Radiation exposure. Your risk increases if you've had radiation treatments to your neck or chest area or you've been exposed to radiation in a nuclear facility, test or accident.
Small goiters that don't cause physical or cosmetic problems aren't a concern. But large goiters can make it hard to breathe or swallow and can cause a cough and hoarseness.
Goiters that result from other conditions, such as hypothyroidism or hyperthyroidism, can be associated with a number of symptoms, ranging from fatigue and weight gain to unintended weight loss, irritability and trouble sleeping.
Goiter treatment depends on the size of the goiter, your signs and symptoms, and the underlying cause. Your doctor may recommend:
Observation. If your goiter is small and doesn't cause problems, and your thyroid is functioning normally, your doctor may suggest a wait-and-see approach.
Medications.

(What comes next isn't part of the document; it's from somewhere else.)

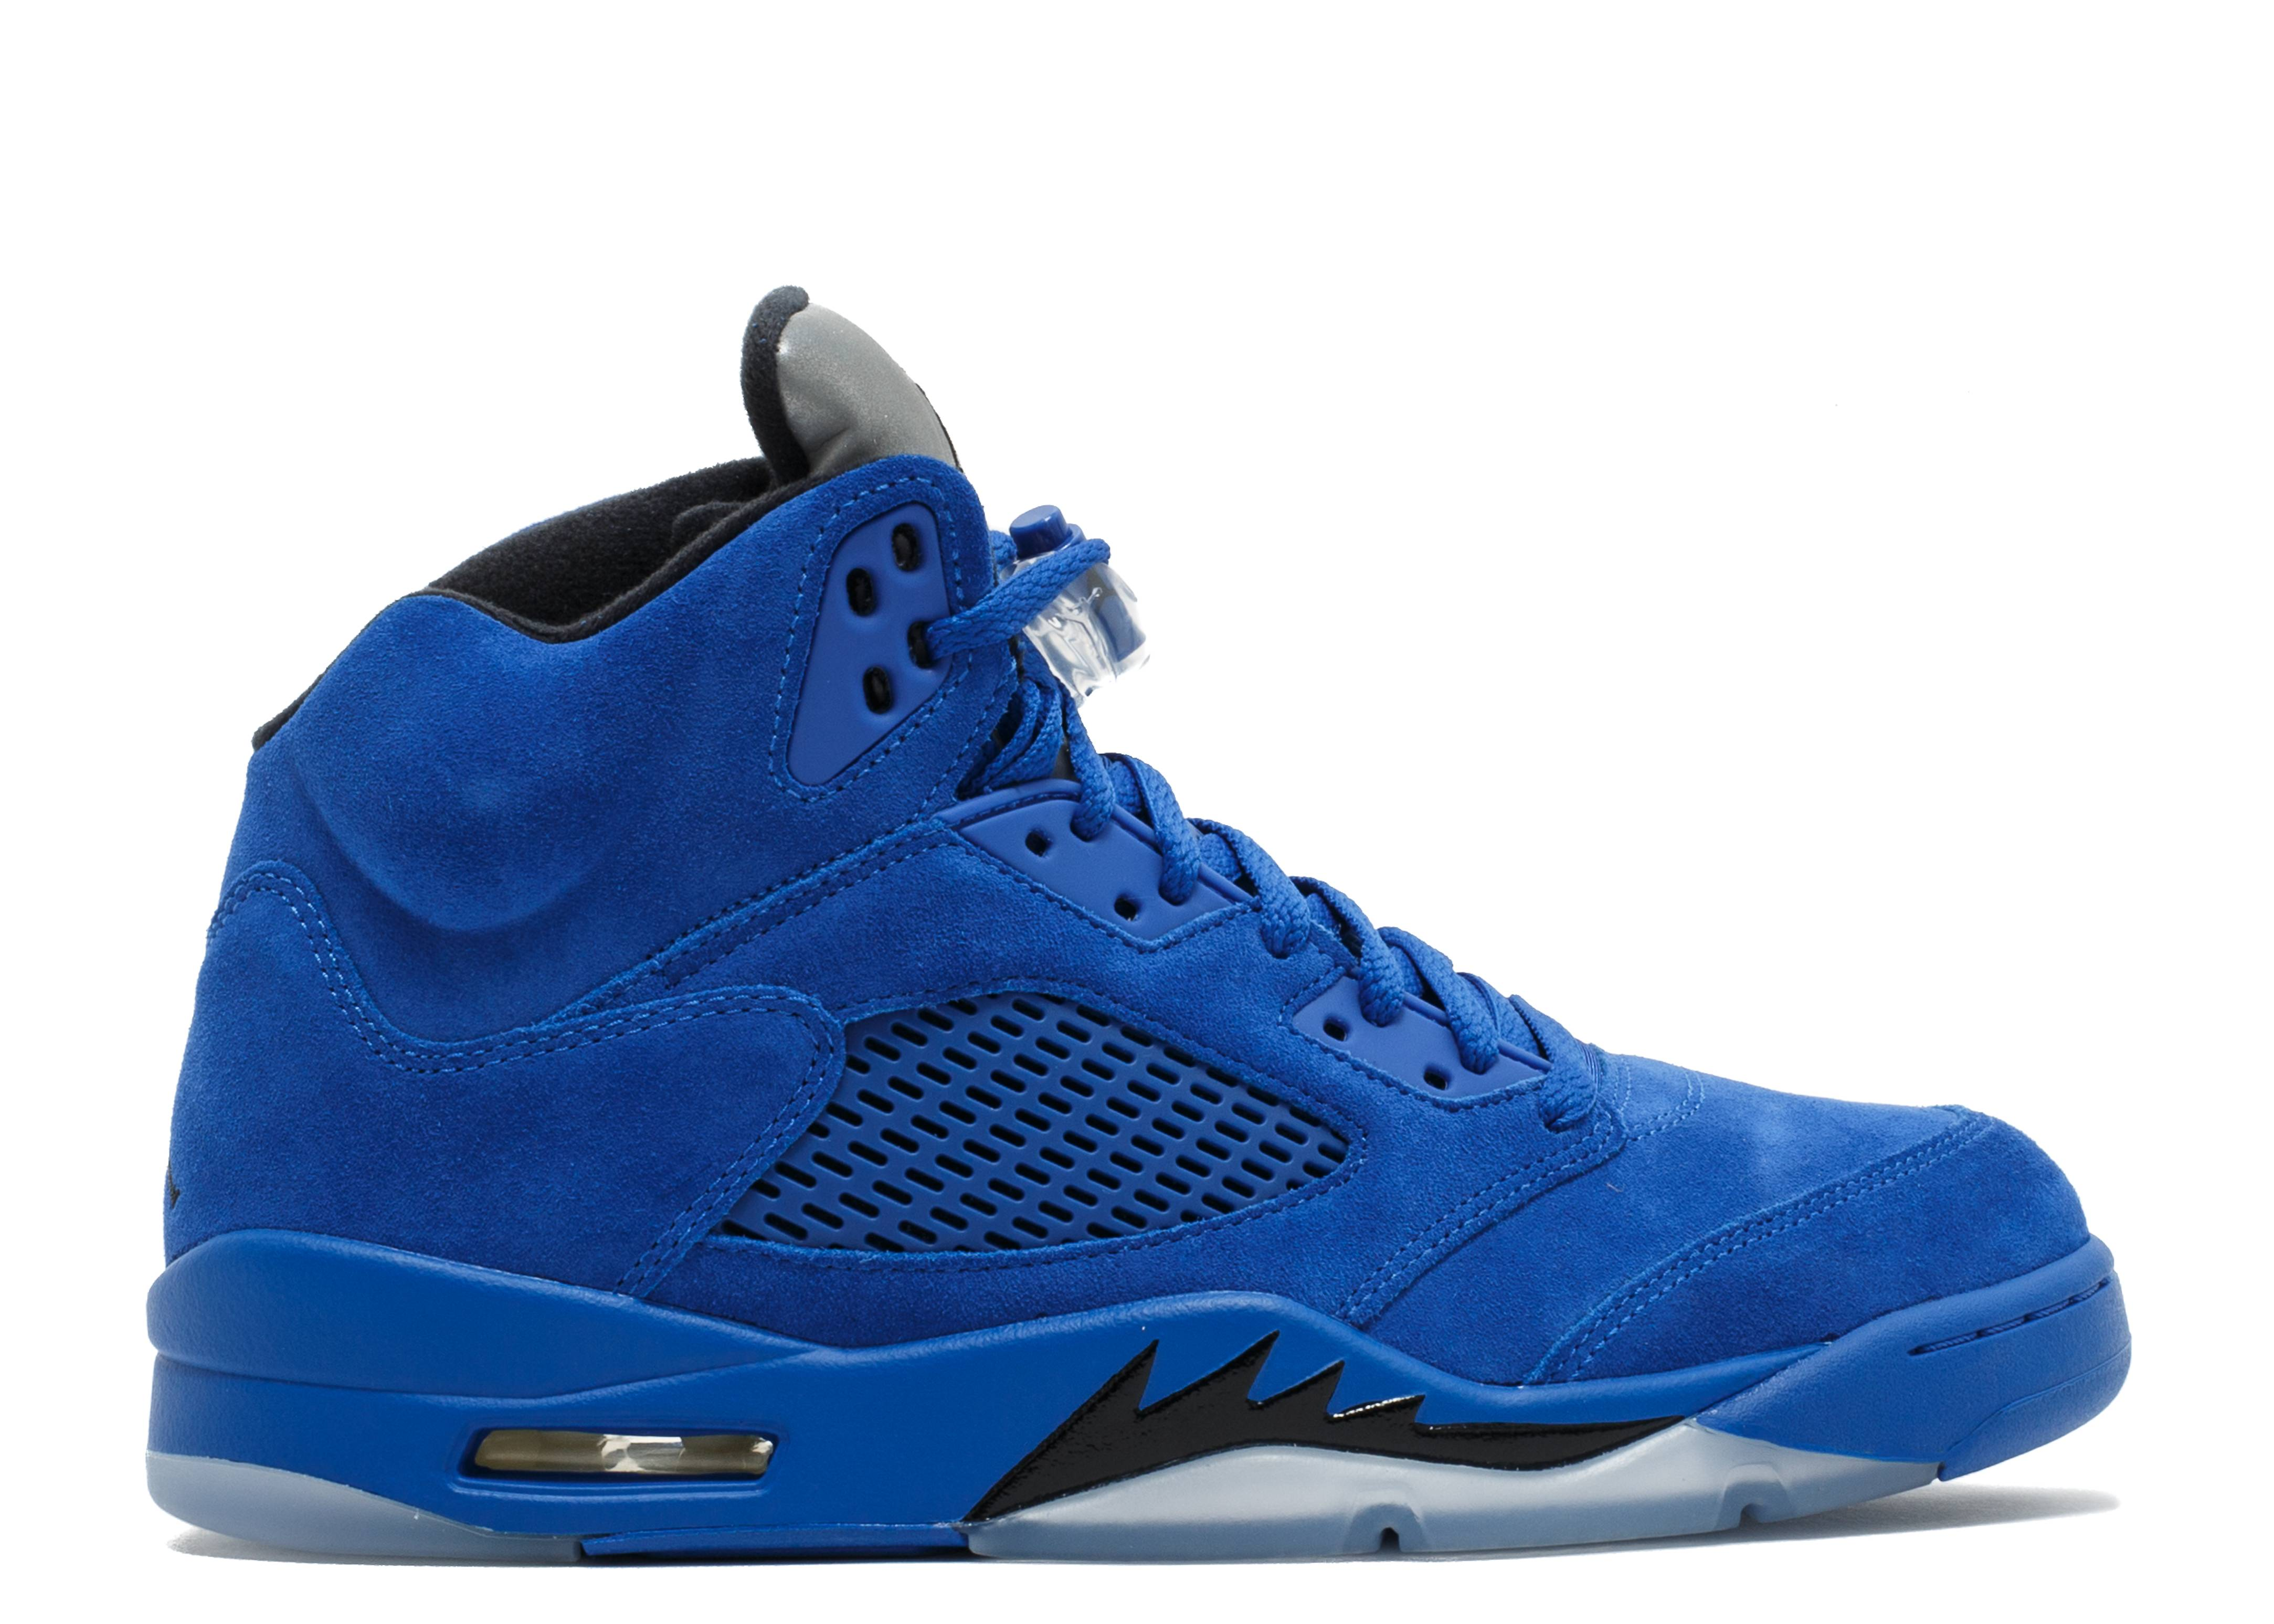 Air Jordan 5 Retro 'Blue Suede'

If you have hypothyroidism, thyroid hormone replacement with levothyroxine (Levoxyl, Synthroid, Tirosint) will resolve the symptoms of hypothyroidism as well as slow the release of thyroid-stimulating hormone from your pituitary gland, often decreasing the size of the goiter.
Surgery. Removing all or part of your thyroid gland (total or partial thyroidectomy) is an option if you have a large goiter that is uncomfortable or causes difficulty breathing or swallowing, or in some cases, if you have a nodular goiter causing hyperthyroidism.
Radioactive iodine. In some cases, radioactive iodine is used to treat an overactive thyroid gland. The radioactive iodine is taken orally and reaches your thyroid gland through your bloodstream, destroying thyroid cells. The treatment results in diminished size of the goiter, but eventually may also cause an underactive thyroid gland.